**HOW TO COMPLETE THIS TASK:**
Using the records below, transcribe word for word the stretch from the line that contains "Plaque-Psoriasis auf den" through the line that contains "High-speed parcel service", both end lines included, and nothing else.

*** DATA TO PROCESS ***

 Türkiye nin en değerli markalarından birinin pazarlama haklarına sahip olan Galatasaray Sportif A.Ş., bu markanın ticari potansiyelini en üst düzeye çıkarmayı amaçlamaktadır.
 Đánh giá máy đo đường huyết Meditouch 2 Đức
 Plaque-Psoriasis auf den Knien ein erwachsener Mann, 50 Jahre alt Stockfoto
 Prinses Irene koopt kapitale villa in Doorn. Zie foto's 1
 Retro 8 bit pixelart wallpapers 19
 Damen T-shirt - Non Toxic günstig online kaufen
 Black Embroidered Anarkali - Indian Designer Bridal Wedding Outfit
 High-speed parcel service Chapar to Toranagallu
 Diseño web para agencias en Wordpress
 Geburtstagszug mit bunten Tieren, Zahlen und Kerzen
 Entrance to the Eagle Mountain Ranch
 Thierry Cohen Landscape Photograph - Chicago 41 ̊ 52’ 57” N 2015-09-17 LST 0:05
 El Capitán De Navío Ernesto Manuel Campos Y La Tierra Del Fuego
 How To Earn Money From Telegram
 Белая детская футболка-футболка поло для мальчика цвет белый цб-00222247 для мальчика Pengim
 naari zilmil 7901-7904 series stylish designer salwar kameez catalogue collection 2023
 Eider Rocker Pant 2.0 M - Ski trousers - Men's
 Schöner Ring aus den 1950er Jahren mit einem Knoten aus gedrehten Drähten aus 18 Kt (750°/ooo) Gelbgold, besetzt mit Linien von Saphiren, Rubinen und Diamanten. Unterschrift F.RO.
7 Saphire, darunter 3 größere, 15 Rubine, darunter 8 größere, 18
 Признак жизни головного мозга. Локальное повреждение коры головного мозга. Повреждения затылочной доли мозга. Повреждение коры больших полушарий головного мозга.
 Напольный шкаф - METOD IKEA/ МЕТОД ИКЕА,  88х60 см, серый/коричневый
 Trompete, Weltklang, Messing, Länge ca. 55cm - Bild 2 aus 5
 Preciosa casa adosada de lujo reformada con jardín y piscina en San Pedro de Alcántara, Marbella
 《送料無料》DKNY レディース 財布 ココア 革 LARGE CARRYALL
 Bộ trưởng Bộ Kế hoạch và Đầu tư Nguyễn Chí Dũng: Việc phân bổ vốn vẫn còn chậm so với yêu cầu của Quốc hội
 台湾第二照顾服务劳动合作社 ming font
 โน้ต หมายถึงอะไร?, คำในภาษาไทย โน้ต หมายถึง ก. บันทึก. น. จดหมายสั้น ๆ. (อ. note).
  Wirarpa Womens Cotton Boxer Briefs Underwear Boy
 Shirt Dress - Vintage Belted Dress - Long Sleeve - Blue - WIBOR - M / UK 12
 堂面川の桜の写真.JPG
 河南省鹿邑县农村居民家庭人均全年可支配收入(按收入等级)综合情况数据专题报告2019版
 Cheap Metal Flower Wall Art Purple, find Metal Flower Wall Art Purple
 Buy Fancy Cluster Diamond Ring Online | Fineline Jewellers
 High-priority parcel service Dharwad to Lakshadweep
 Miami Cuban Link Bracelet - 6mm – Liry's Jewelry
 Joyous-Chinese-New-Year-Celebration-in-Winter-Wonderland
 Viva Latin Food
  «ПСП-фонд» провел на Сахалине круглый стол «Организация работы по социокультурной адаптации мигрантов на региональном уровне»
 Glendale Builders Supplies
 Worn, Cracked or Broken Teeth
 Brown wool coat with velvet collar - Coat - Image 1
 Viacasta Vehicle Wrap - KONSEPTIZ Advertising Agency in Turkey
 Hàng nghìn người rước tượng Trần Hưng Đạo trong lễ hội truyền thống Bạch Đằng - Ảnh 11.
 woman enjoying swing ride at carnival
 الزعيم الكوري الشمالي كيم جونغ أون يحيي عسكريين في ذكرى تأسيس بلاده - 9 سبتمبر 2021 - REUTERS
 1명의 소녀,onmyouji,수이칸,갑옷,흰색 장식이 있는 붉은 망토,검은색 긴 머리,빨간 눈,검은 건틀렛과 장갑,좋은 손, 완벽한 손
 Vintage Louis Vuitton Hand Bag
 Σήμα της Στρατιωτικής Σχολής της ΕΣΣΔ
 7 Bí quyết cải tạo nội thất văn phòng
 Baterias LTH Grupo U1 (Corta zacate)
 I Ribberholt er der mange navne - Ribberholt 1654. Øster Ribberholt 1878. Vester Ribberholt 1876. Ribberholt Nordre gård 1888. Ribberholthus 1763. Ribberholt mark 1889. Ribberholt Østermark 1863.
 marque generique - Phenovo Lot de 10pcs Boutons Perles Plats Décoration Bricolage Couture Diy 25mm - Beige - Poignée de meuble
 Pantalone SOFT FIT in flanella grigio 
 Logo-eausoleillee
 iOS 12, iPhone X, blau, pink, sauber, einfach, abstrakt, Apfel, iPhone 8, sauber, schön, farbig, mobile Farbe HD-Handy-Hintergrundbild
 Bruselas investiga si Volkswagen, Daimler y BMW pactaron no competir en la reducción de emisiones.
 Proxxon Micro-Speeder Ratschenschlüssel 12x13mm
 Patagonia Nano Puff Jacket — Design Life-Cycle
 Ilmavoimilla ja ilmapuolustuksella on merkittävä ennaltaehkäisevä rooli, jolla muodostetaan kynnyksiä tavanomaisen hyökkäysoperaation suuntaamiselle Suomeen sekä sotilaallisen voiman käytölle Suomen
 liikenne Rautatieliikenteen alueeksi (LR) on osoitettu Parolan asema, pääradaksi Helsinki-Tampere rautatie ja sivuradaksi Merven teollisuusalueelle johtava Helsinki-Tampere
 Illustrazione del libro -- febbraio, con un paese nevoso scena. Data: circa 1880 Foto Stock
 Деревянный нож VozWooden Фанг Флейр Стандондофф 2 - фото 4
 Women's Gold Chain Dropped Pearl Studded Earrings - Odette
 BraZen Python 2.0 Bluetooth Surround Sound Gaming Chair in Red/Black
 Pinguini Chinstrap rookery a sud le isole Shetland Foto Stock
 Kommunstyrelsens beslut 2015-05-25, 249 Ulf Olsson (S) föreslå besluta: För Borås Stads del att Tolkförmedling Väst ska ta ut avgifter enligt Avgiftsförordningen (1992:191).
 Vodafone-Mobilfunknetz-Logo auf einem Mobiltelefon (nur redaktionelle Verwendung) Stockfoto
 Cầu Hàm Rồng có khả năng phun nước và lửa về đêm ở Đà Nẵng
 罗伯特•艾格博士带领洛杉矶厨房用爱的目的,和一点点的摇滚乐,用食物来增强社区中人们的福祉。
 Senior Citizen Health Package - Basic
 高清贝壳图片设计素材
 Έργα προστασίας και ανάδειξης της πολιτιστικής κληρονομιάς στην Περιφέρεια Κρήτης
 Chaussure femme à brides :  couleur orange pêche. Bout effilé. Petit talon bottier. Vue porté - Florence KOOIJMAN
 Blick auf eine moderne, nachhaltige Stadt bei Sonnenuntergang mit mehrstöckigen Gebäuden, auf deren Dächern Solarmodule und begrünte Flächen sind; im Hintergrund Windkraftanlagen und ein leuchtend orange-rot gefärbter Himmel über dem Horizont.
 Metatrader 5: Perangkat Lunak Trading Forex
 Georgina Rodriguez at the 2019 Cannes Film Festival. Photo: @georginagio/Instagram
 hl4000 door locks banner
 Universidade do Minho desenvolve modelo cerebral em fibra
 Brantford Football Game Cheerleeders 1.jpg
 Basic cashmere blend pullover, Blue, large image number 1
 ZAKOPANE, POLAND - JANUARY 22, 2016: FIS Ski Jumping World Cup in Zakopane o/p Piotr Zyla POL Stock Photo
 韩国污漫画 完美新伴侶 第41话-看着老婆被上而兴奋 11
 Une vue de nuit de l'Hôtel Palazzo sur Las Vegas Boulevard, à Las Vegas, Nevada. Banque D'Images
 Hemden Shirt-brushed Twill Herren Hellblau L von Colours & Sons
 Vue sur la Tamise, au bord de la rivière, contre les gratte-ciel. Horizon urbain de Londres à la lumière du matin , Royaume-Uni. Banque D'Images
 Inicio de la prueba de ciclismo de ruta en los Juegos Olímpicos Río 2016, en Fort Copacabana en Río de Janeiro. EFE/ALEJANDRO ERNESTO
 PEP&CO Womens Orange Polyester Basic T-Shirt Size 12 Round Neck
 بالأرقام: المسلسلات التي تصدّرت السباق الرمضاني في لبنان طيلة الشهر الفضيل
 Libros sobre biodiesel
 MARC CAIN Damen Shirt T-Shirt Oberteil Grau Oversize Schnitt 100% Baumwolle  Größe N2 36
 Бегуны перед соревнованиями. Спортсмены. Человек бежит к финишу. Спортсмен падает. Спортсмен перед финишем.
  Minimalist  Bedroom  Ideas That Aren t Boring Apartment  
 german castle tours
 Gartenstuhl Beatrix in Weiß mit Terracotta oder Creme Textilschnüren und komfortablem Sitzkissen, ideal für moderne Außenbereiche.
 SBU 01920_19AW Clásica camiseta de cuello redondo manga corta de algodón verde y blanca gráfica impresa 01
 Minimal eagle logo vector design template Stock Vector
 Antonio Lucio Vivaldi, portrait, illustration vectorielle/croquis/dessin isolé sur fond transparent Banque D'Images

*** End of DATA TO PROCESS ***

**WRITTEN RESPONSE:**
 Plaque-Psoriasis auf den Knien ein erwachsener Mann, 50 Jahre alt Stockfoto
 Prinses Irene koopt kapitale villa in Doorn. Zie foto's 1
 Retro 8 bit pixelart wallpapers 19
 Damen T-shirt - Non Toxic günstig online kaufen
 Black Embroidered Anarkali - Indian Designer Bridal Wedding Outfit
 High-speed parcel service Chapar to Toranagallu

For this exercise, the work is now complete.